With each passing day, another page is turned in the story of this battered region’s ability to endure.

From his tent in one of the displacement shelters, Mohamed Al-Khatib wipes dust off his child’s face and says: ‘We’re not asking for much, just collect the trash, fix the sewerage system, we just want to stay alive.’

Thousands of tons of waste pile up between the tents of displaced families across Gaza.

When municipal crews can operate, they relocate the waste to alternative sites, as access to the main landfills in eastern Gaza has become impossible.

Local doctors confirm a surge in skin diseases, gastrointestinal infections, and respiratory illnesses affecting hundreds of thousands of displaced individuals due to direct contact with garbage and contaminated drinking water.

The relief agency UNRWA has described the situation as a ‘serious health threat’, warning that serious disease outbreaks in the shelters are only a matter of time.

From the shores of Gaza, Assem Al-Kahlout speaks in a broken tone: ‘We need a little fuel, that’s all we’re asking for. But it seems even that little is too much for those enforcing the siege.’

In the displacement camps, rats roam freely and insects crawl over the bodies of children sleeping on the bare ground.

There are no vehicles, no capacity for local authorities to act, and people are left alone to face their fate, as if life itself has abandoned them.

Haj Abu Yasser, who has never owned a home, gazes at the piles of waste and says: ‘We live on patience, but even patience has its dignity. No one can breathe amid this stench. We are being humiliated and dying slowly.’

This is not a scene from a dystopian novel, but daily life in a besieged land. Gaza is not asking for pity, it is simply asking for the bare minimum of life. But it seems that even this minimum, like fuel, has become forbidden.

The World Food Programme (WFP) warned in a press statement released on Sunday: ‘Gaza’s hunger crisis has reached new levels of desperation,’ affirming that ‘nearly one person in three is not eating for days.

‘People are dying from lack of humanitarian assistance. Malnutrition is surging with 90,000 women and children in urgent need of treatment.’
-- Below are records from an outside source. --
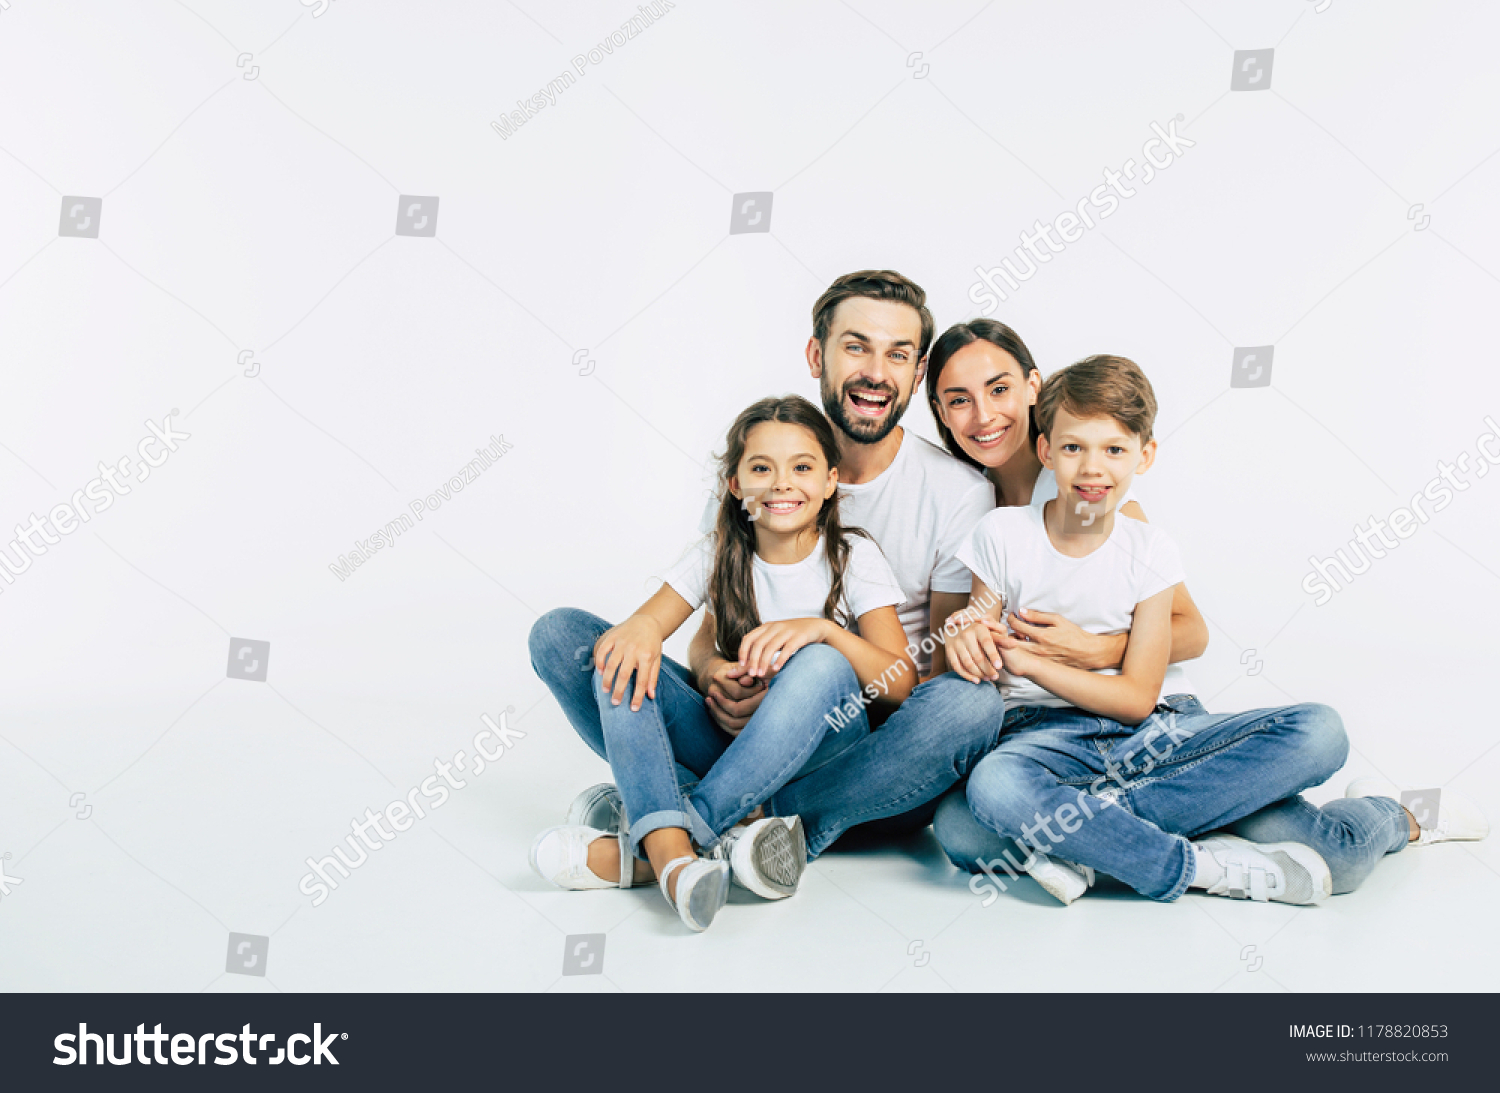 Cool team. Beautiful and happy smiling young family in white T-shirts are hugging and have a fun time together while sitting on the floor and looking on camera. #1178820853
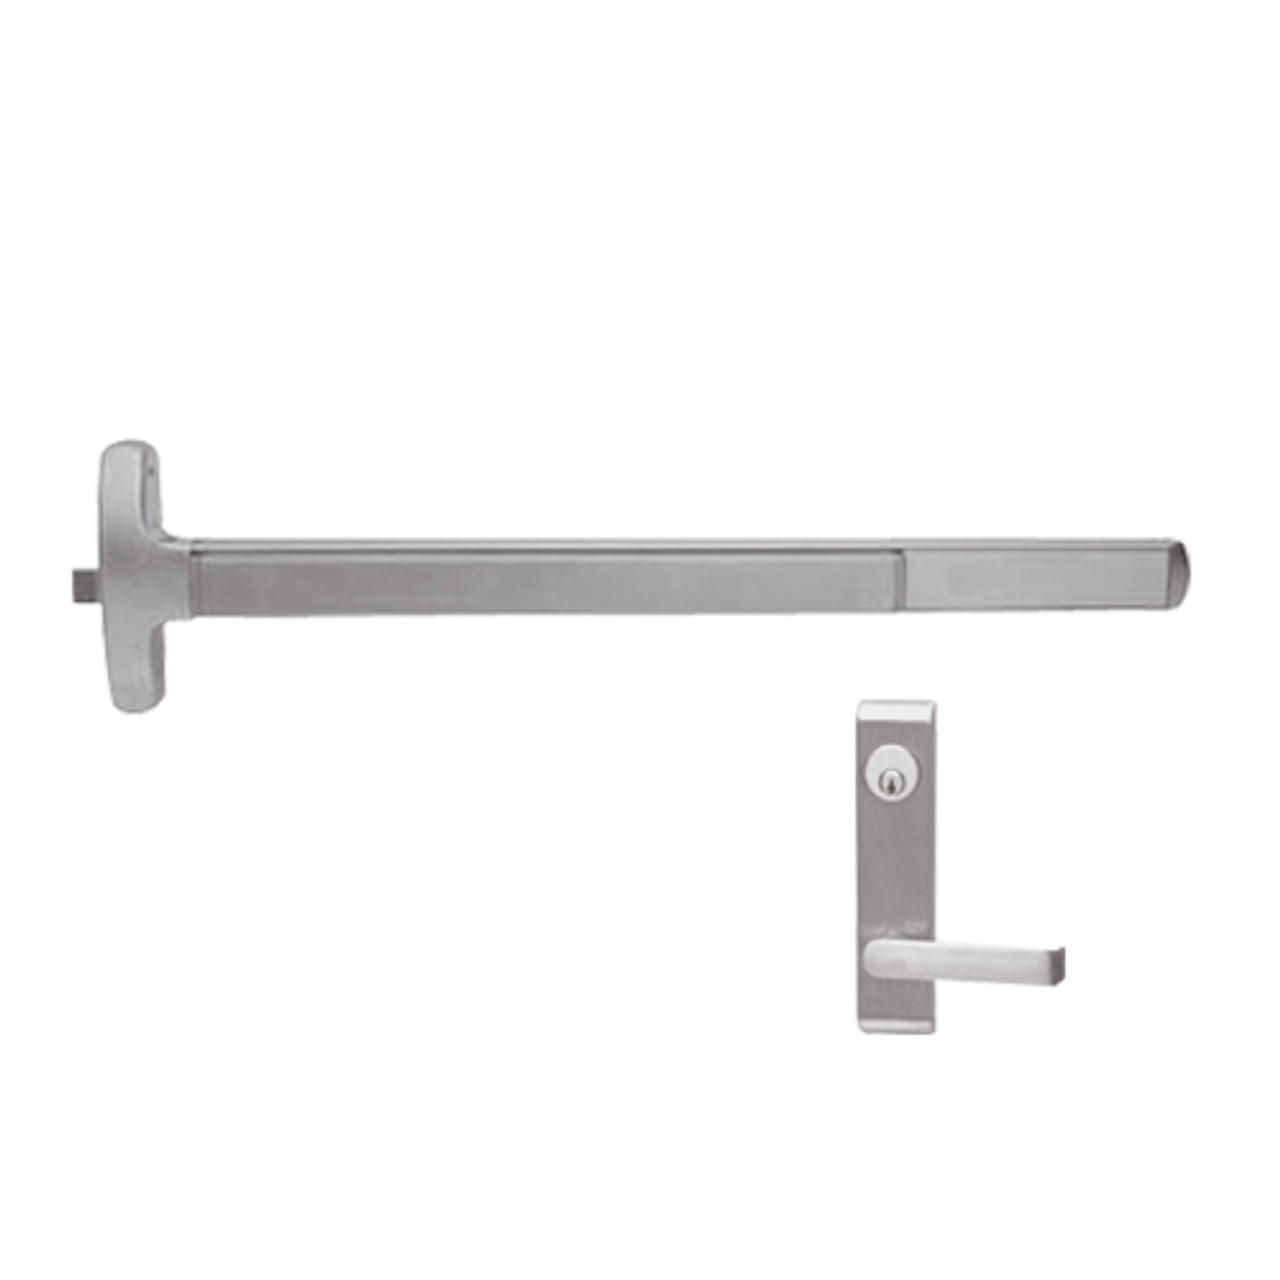 F-24-R-L-DANE-US32D-3-RHR Falcon Exit Device in Satin Stainless Steel
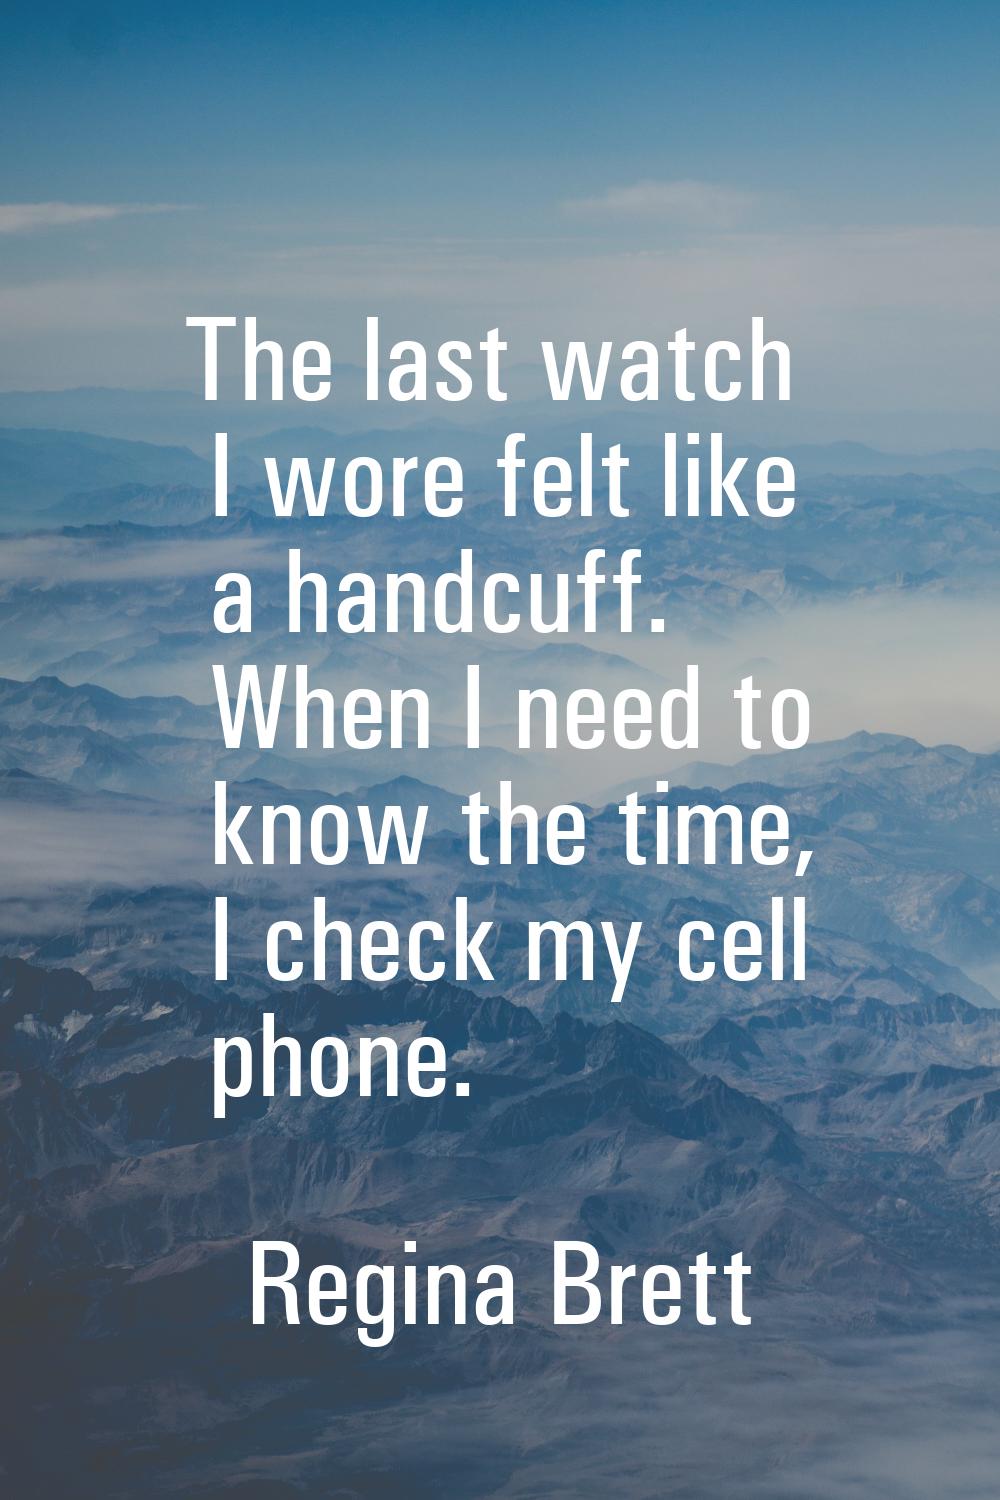 The last watch I wore felt like a handcuff. When I need to know the time, I check my cell phone.
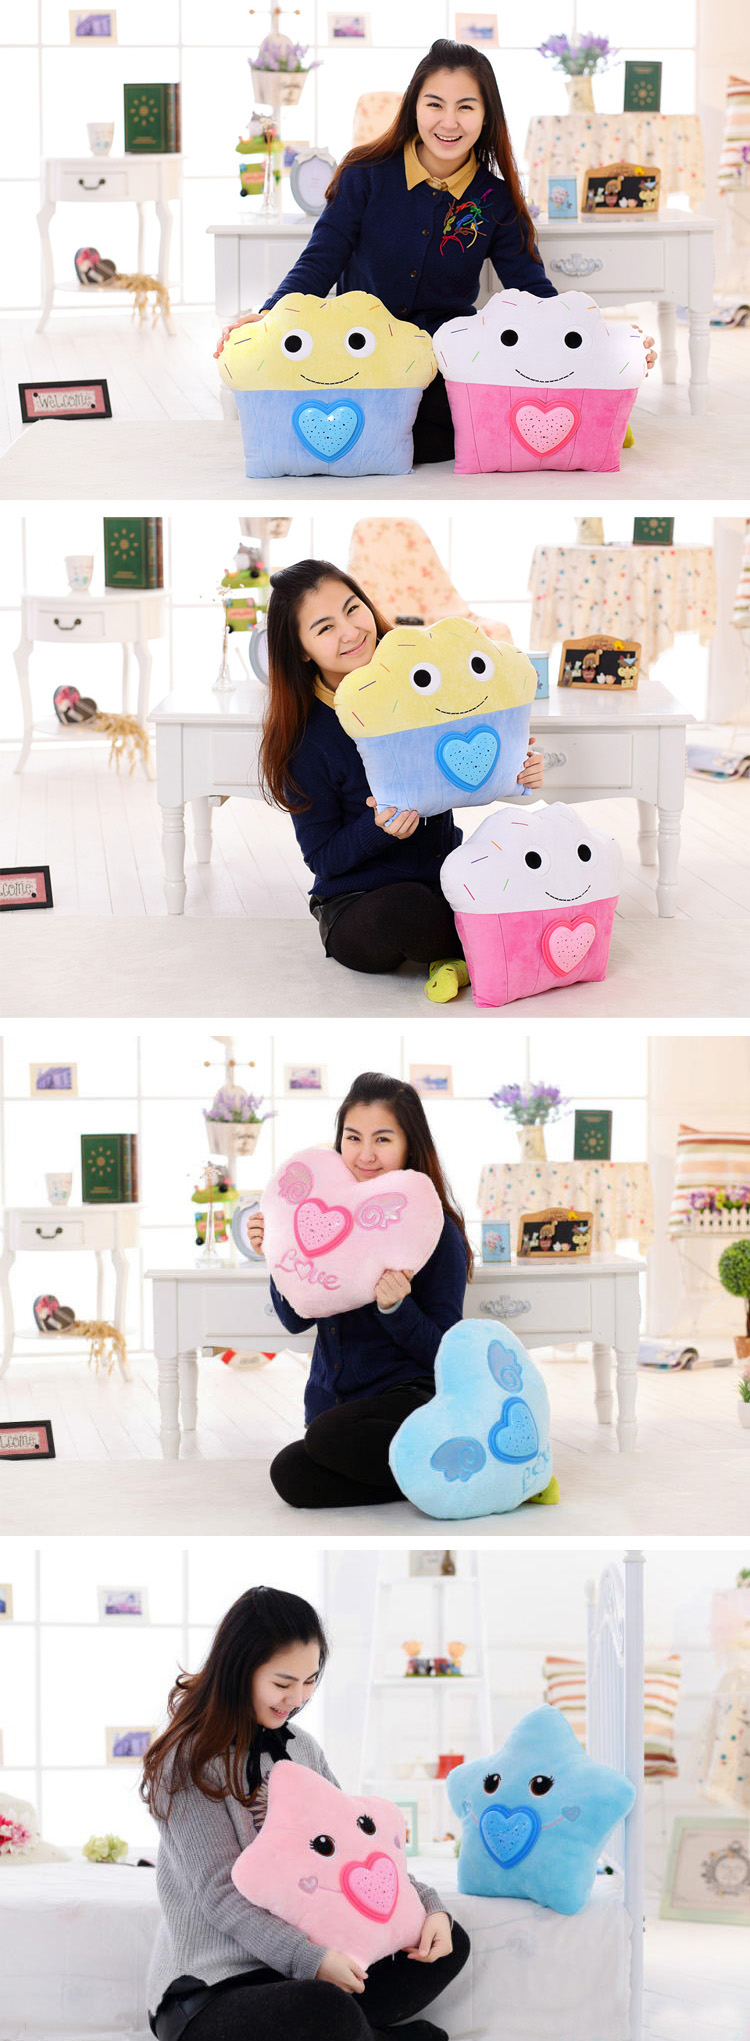 Colorful-Plush-LED-Music-Projection-Star-Cake-Heart-Shape-Throw-Pillow-Home-Sofa-Decor-Valentine-Gif-1023125-4

WFP explained that ‘on the morning of 20 July, a 25 truck WFP convoy carrying vital food assistance crossed the Zikim border point destined for starving communities in northern Gaza.

‘Shortly after passing the final checkpoint beyond the Zikim crossing point into Gaza, the convoy encountered large crowds of civilians anxiously waiting to access desperately needed food supplies.

‘As the convoy approached, the surrounding crowd came under fire from Israeli tanks, snipers and other gunfire.’

WFP said it is ‘deeply concerned and saddened by this tragic incident resulting in the loss of countless lives.

‘Many more suffered life-threatening injuries. These people were simply trying to access food to feed themselves and their families on the brink of starvation.

‘This terrible incident underscores the increasingly dangerous conditions under which humanitarian operations are forced to be conducted in Gaza.’

WFP said that Sunday’s attack on aid seekers comes ‘despite assurances from Israeli authorities that humanitarian operational conditions would improve, including that armed forces will not be present nor engage at any stage along humanitarian convoy routes.’

For its part, the United Nations Office for the Coordination of Humanitarian Affairs (OCHA) has also warned that Gaza families are facing catastrophic hunger.

‘Children are wasting away. Some die before food reaches them,’ OCHA said on Sunday.

‘Those seeking food are risking their lives, many are being shot at. This is unconscionable,’ OCHA added.

‘Unimpeded humanitarian access is a legal and moral imperative. Starvation must not be used as weapon of war.’